5 Comments

Fried.

What does one do when it’s 80 degrees at 11:00 at night and there’s no hope of sleeping due to the heat and humidity? You do a science experiment, of course!

Earl and I live near where many of the main power lines for the entire state come together. From here, large towers carrying lots and lots of volts can be seen headed off in all directions. In fact,some of the only UHF (Ultra High Voltage) lines in the United States, clocking in at 765kV, are a couple of miles down the road from our home as they march off to Massena, which borders the province of Quebec, connecting the Empire State (and the eastern seaboard) to HydroQuebec.

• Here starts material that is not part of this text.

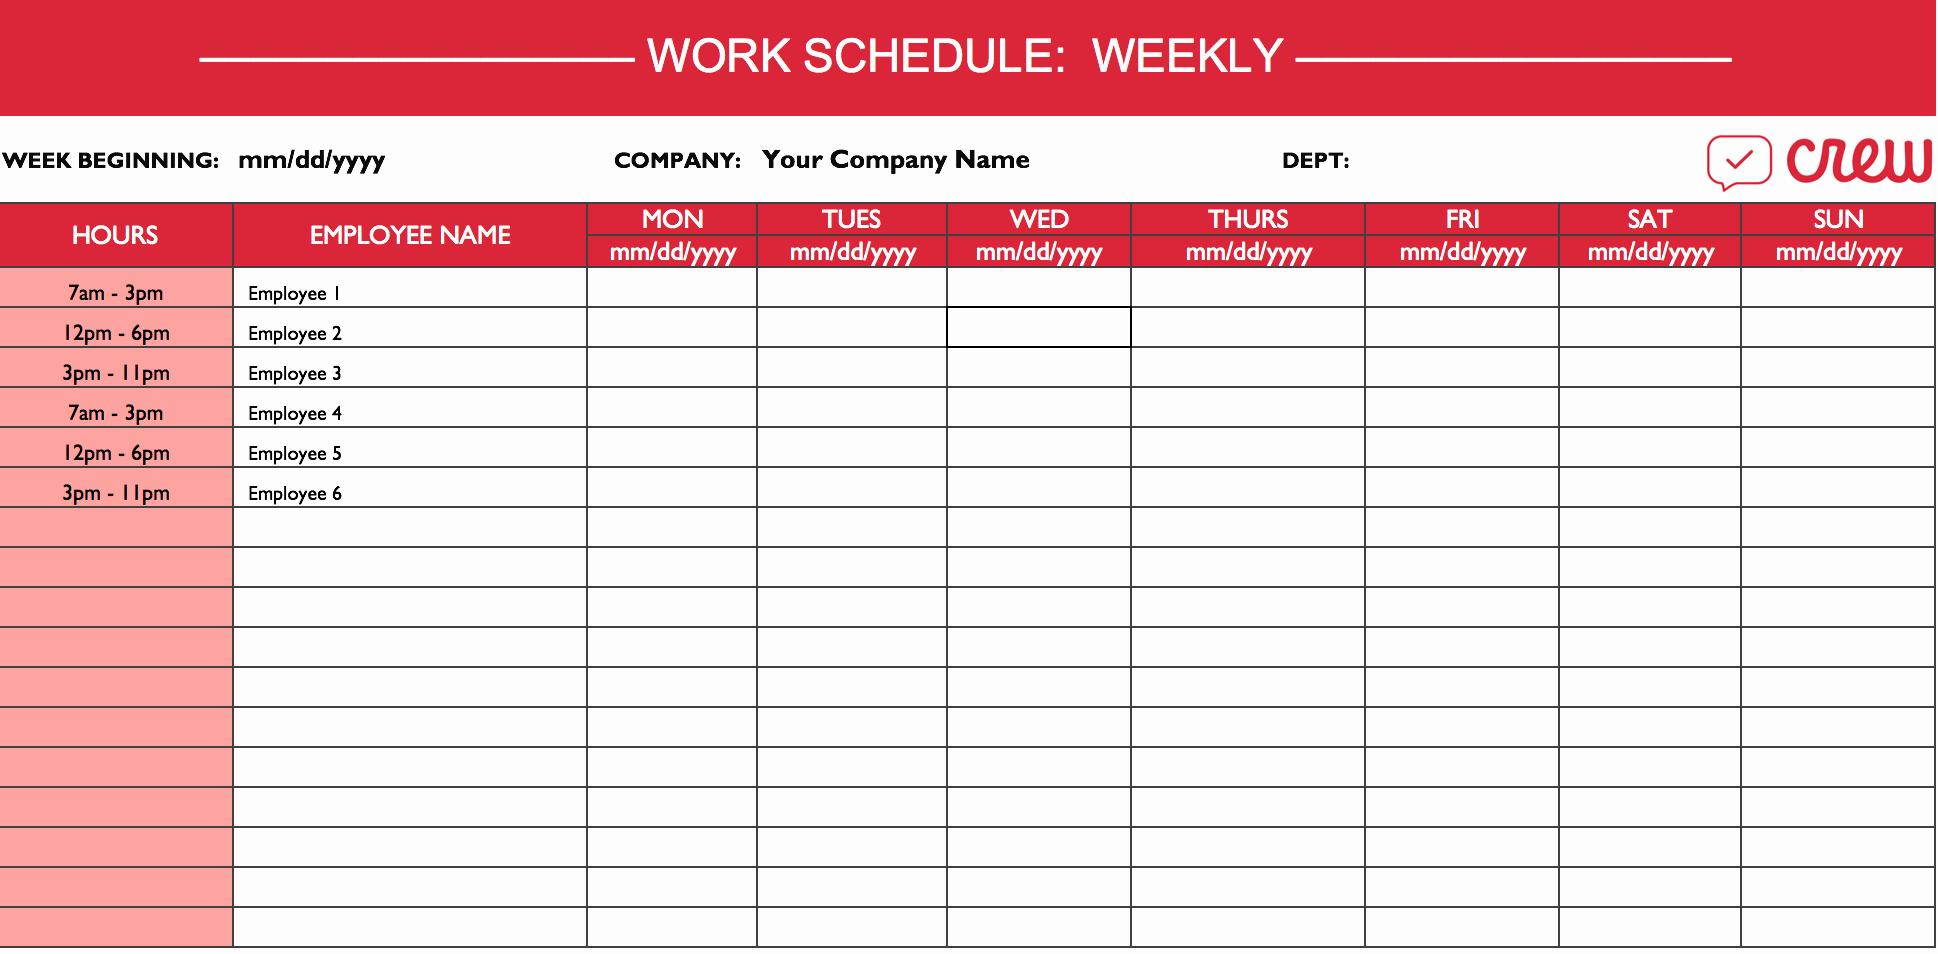 Employee Monthly Schedule Template Inspirational Weekly Work Schedule Template I Crew

Tonight I decided to park the car under one of the towers and jump out to see if I could get a fluorescent tube to light up like the urban legend says. I didn’t expect the tube to light up to it’s full potential, and it didn’t, since I stood to the left of the lines when I filmed this. I had a creepy feeling about standing directly under the lines, as I could hear them sizzling a little bit from the humidity and dampness in the air.

This video is very dark because the use of any light would have negated the effect of the tube. I hope you can make out what I saw, which was a fluorescent tube lighting up in my hands. When held vertically and pointed at one of the lines, it glowed blue. When held horizontally, it glowed red. I don’t know the cause of the color change. Adjacent to the 765kV towers is a set of two lower voltage lines, I believe they’re 345kV each. The 765kV lines are three lines, one for each phase of electricity, and each “strand” is a bundle of four wires. The 345kV lines, two sets of a group of three are single strands. There’s another set of 765kV lines on nearly identical towers nearby that head off to Oswego and they’re accompanied by one set of 345kV lines that are one group of three strands made up of two wires. Anyways, perhaps the color change is due to the fact that I was standing between the 765kV and the 345kV lines. In addition, I was standing about 1/3 of the way between the 765kV towers. I didn’t want to stand directly beneath the lowest point where the wires sagged as they’re only 30 feet about the ground and since I’m 5′ 10″ and holding an 8′ bulb, I would have been running around waving a metal object 14 feet in the air, nearly halfway to the sagging lines.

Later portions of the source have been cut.